Most parents in the homeschool community have heard of Singapore Math. It is known as an advanced system of mathematics that has been converted from use in Japan for students here in the States.

Recently, Singapore Math worked with Star Publishing to develop a series of textbooks specifically designed for middle school students. Together, the two companies developed Dimensions Math. The series follows the Singapore Mathematics framework and also covers the topics in the Common Core State Standards

We received the complete Grade 8 Set for review. Our set included: Textbooks 8A and 8B ($23.50 each), Teaching Notes and Solutions 8A and 8B ($30.00 each), Workbook 8A and 8B ($9.50 each), and Workbook Solutions 8A and 8B ($15.50 each). All the books we received are softcover. The textbook is also available in hardback.

As you can probably guess, the school year is divided between the two books, A and B. The “A” books contain chapters one through seven, and the “B” books hold chapters eight through fourteen. Each chapter has two to five lessons, all of which vary in length. Some of the material covered in Grade 8 is: exponents, linear equations, quadratic factorization, congruence and similarity, Pythagorean Theorem, and data analysis.

The textbooks are very appealing to look at, and are full of color and lively detail. They provide a comprehensive and systematic approach to teaching mathematics. A combination of different approaches is displayed throughout the books in special sections like: Chapter Openers (topic introduction through real-life applications), Math Bits (fascinating facts about the current topic), Basic Practice (simple questions that involve the direct application of concepts), In A Nutshell (quick review of important rules and concepts), Recall (relates concepts or definitions covered earlier to the current topic), Remarks (highlights the key learning points), Discuss (thought-provoking questions related to facts), Further Practice (more challenging questions that involve the direct application of concepts), Brainworks (higher-order thinking questions), Class Activities (introduces new concepts through cooperative learning methods), Math Webs (website links for additional information), Write In Your Journal (encourages reflective learning), and more.

The Teaching Notes and Solutions books are exactly that. It contains fully worked solutions for all of the problems in the student textbook. It also has brief overviews of each of the chapters and helpful tips for teaching them. This is an invaluable resource for parents like myself who are not mathematically inclined.

The Workbooks are written as a supplement to the textbooks and give students more practice in applying concepts previously learned. The questions in each workbook chapter are categorized into four parts according to the level of difficulty and thinking skills involved: Basic Practice (simple questions that drill comprehension of concepts), Further Practice (harder questions that involve direct applications), Challenging Practice (questions that require synthesis ability), and Enrichment (questions that demand higher order thinking). The unworked solutions are in the back of the book. The Workbook Solutions books are the fully worked answers to the questions in the Workbooks.

So, how did we use the Grade 8 set? My original intent was to have my eighth grader use it as her math curriculum for the rest of the year. Since she just finished a different curriculum, I figured it would be a perfect time to transition to something new. While she was eager to start the new program, it didn’t go nearly as well as I had hoped.

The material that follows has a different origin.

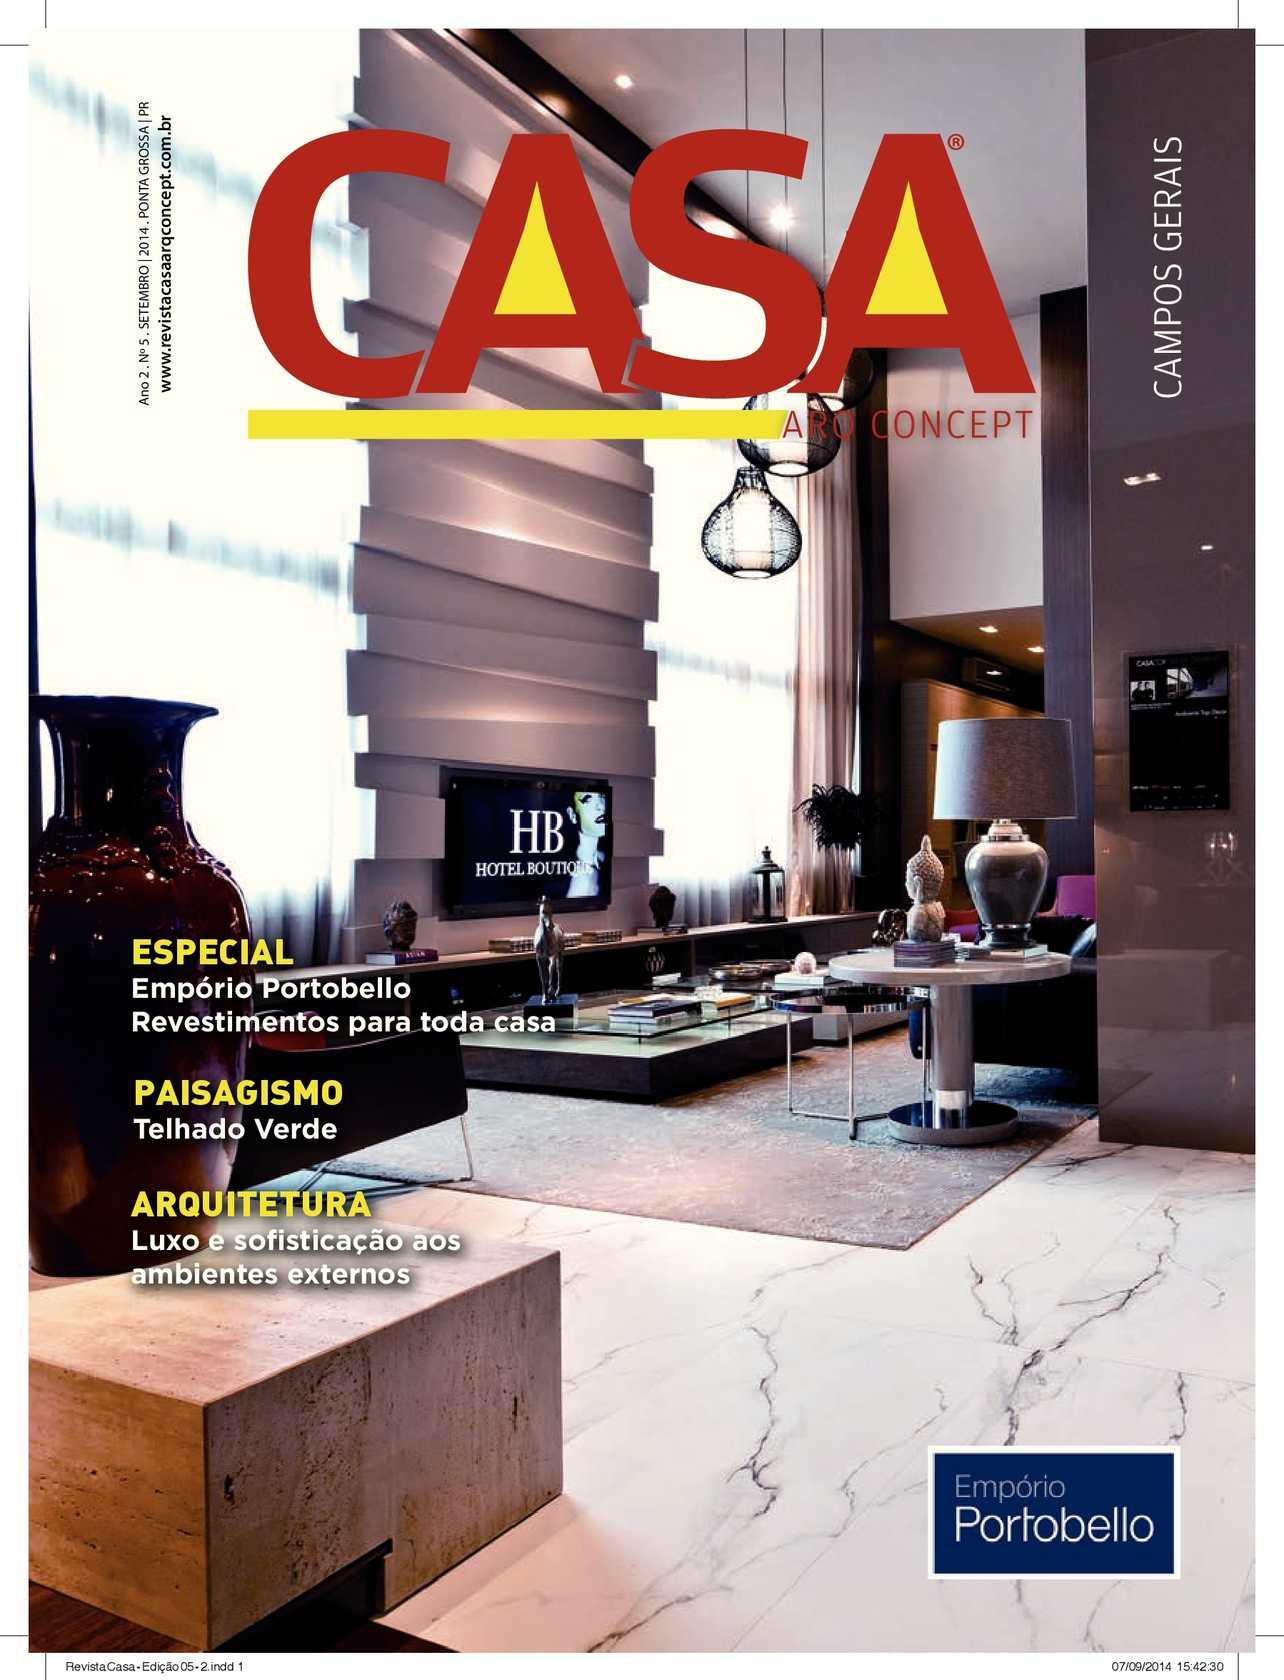 Calaméo - Revista Casa Arq Concept  4 cc8174f180756

Her previous program could almost be called living math. It was written in a conversational-type tone. I should have thought about that. While there is nothing wrong with Dimensions Math, it is definitely not a living math. The instructions and teaching are very institutional. Again, not bad- just not what my daughter is used to. In fact, as we went through the first couple of chapters together and did the work, I was quite enjoying myself! The math is very well taught and explained. The added features *almost* make it fun. Now there’s something I didn’t think I would ever say!

Overall, Singapore’s Dimensions Math Common Core is a good program. The different components ensure understanding and the student’s mathematical success. I recommend this thorough curriculum to any family with students who may need extra help and instruction when it comes to math. Younger students who are advanced would also benefit from this comprehensive program.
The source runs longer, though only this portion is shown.